* _About this task_: Only one span of the listing below should come back. It runs from the line with "MINIMALIS 🇮🇩 on" through the line with "Paper fans lichtblauw", and each of its lines must be reproduced exactly.

* _Data_:

• • •

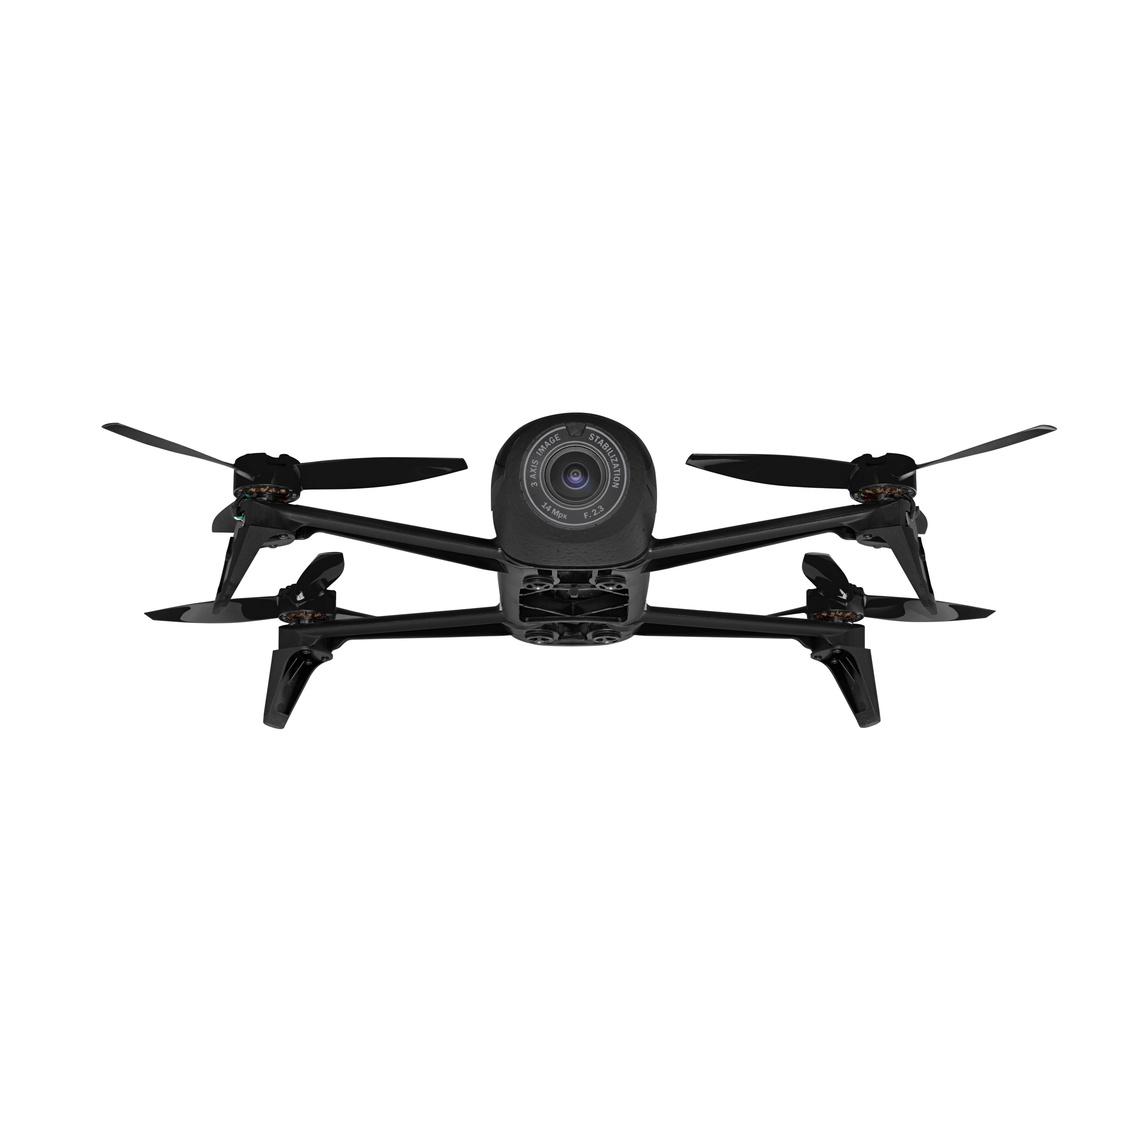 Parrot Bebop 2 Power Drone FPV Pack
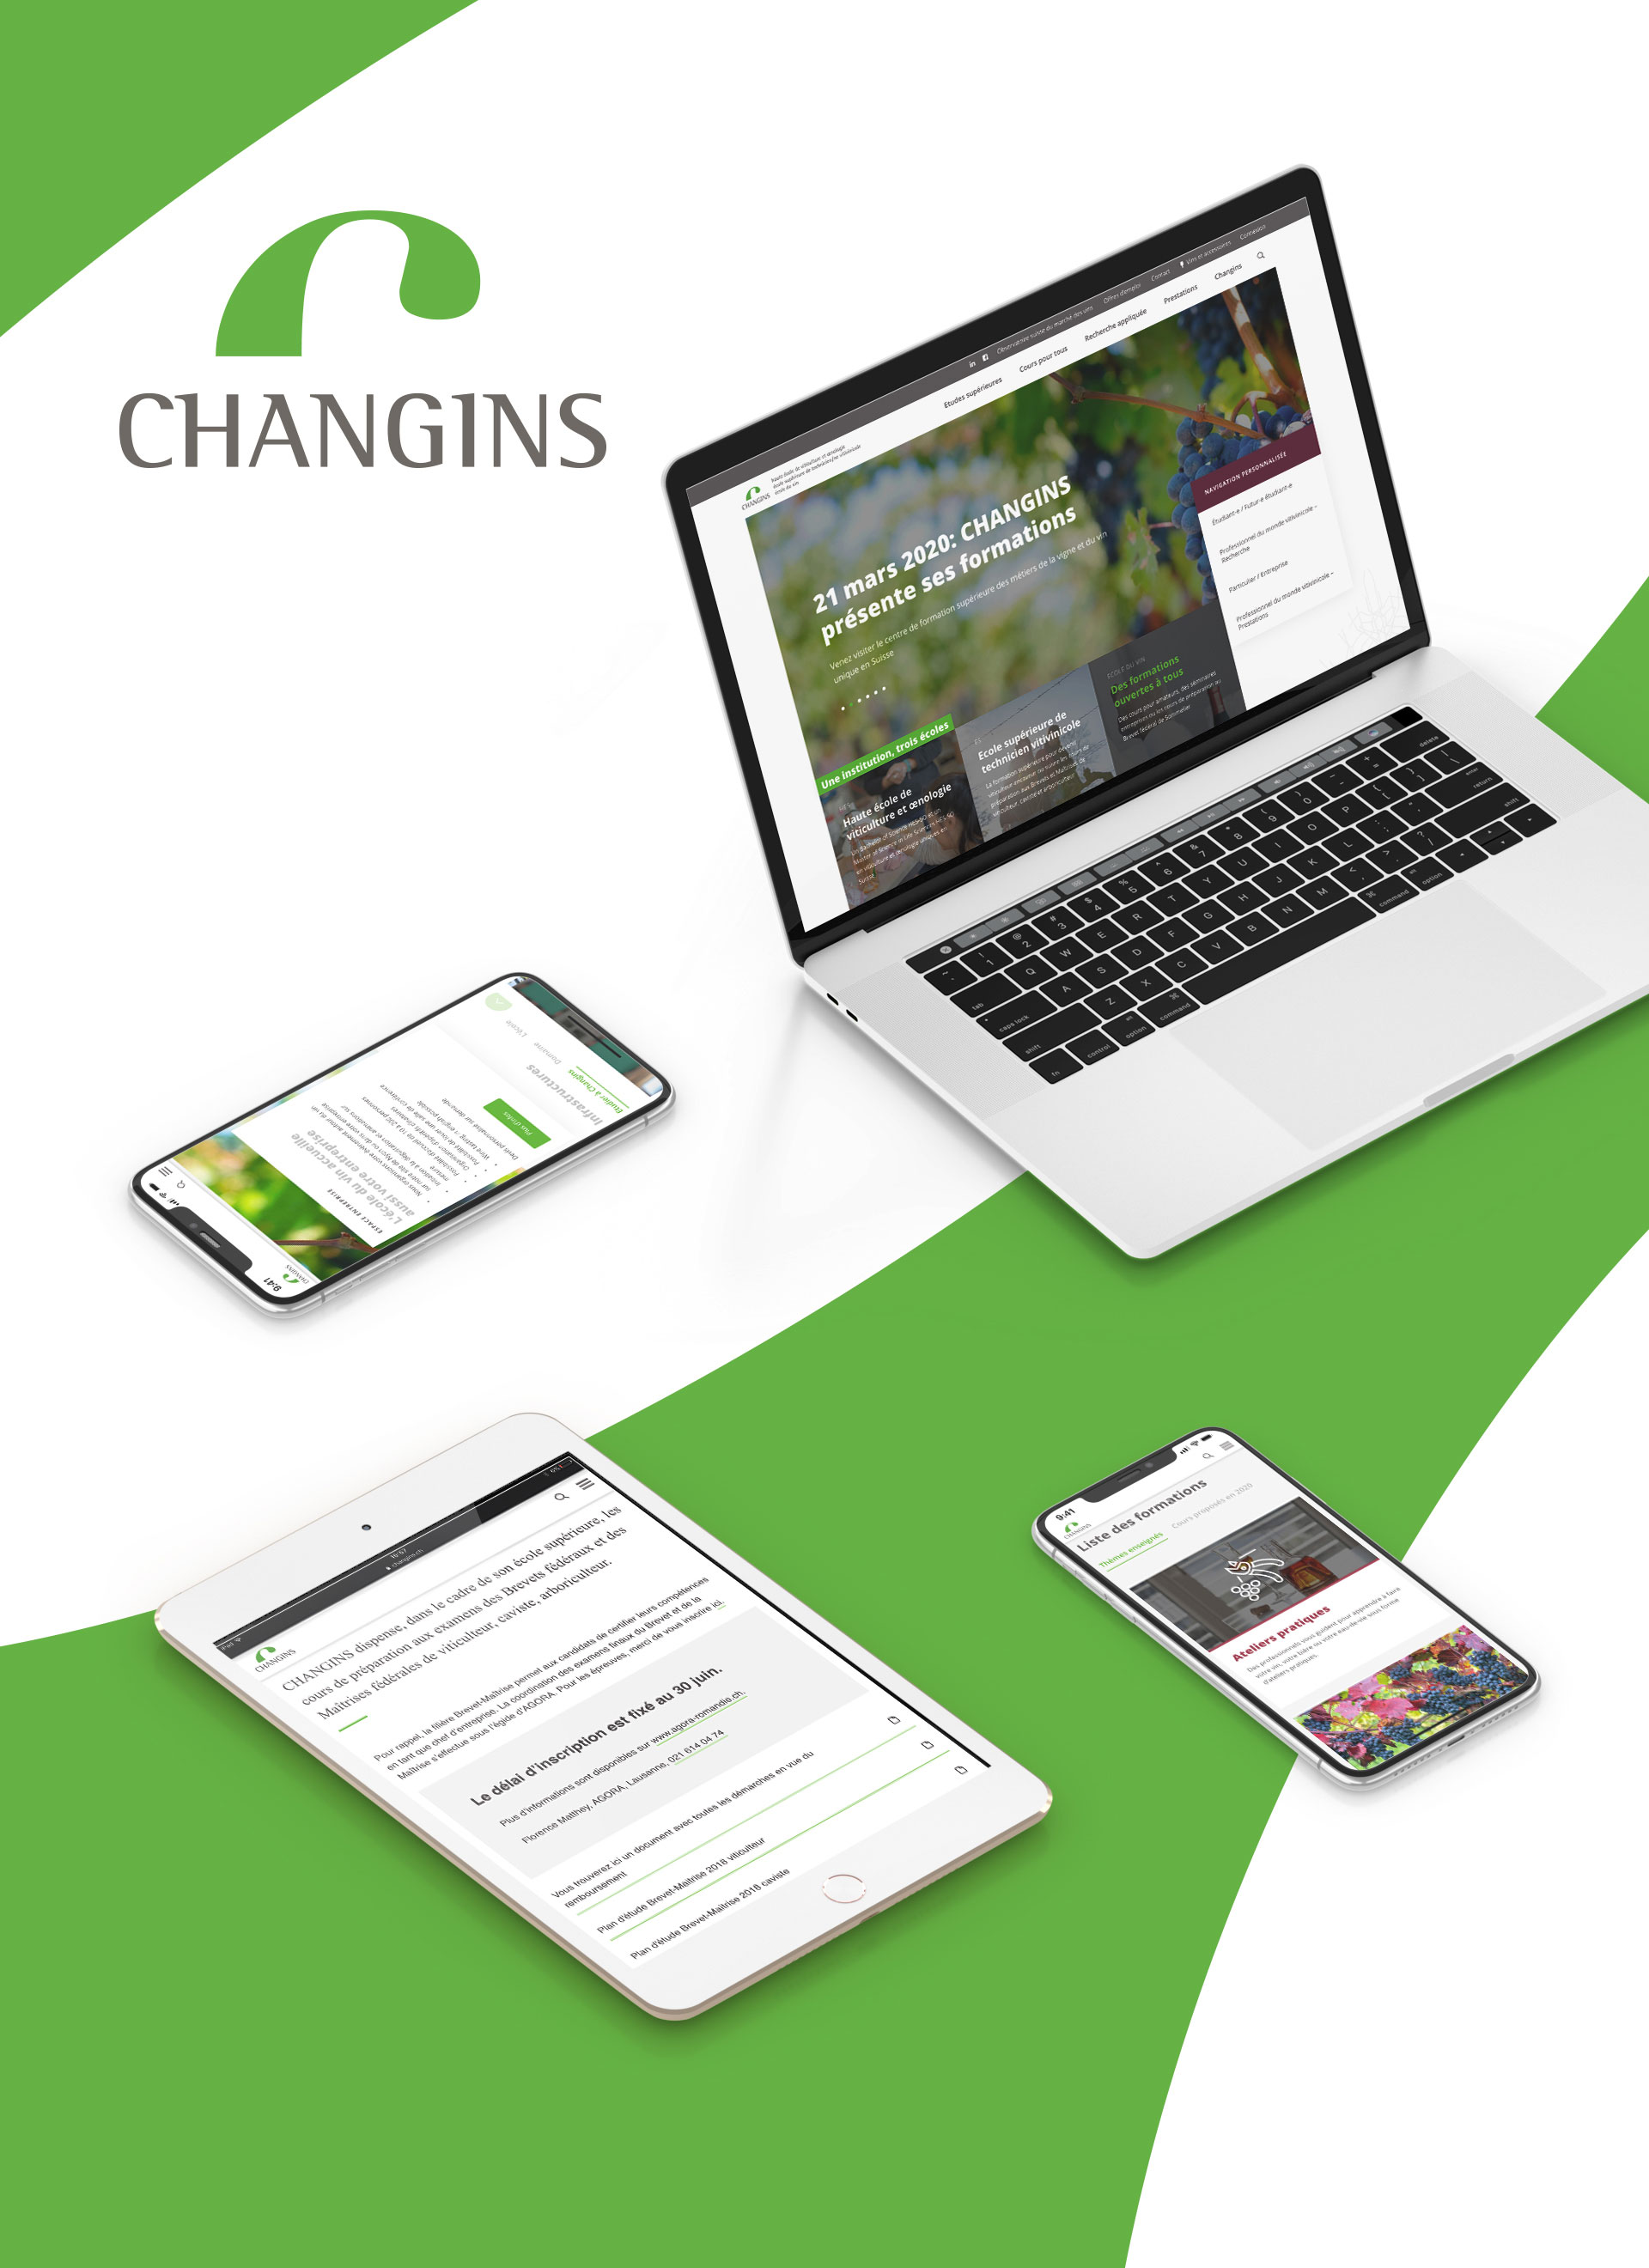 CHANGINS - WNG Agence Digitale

• • •

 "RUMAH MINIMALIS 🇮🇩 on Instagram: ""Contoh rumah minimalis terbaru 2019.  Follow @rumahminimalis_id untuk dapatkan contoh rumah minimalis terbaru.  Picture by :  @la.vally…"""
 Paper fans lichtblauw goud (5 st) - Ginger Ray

• • •

* _Your response_:
 "RUMAH MINIMALIS 🇮🇩 on Instagram: ""Contoh rumah minimalis terbaru 2019.  Follow @rumahminimalis_id untuk dapatkan contoh rumah minimalis terbaru.  Picture by :  @la.vally…"""
 Paper fans lichtblauw goud (5 st) - Ginger Ray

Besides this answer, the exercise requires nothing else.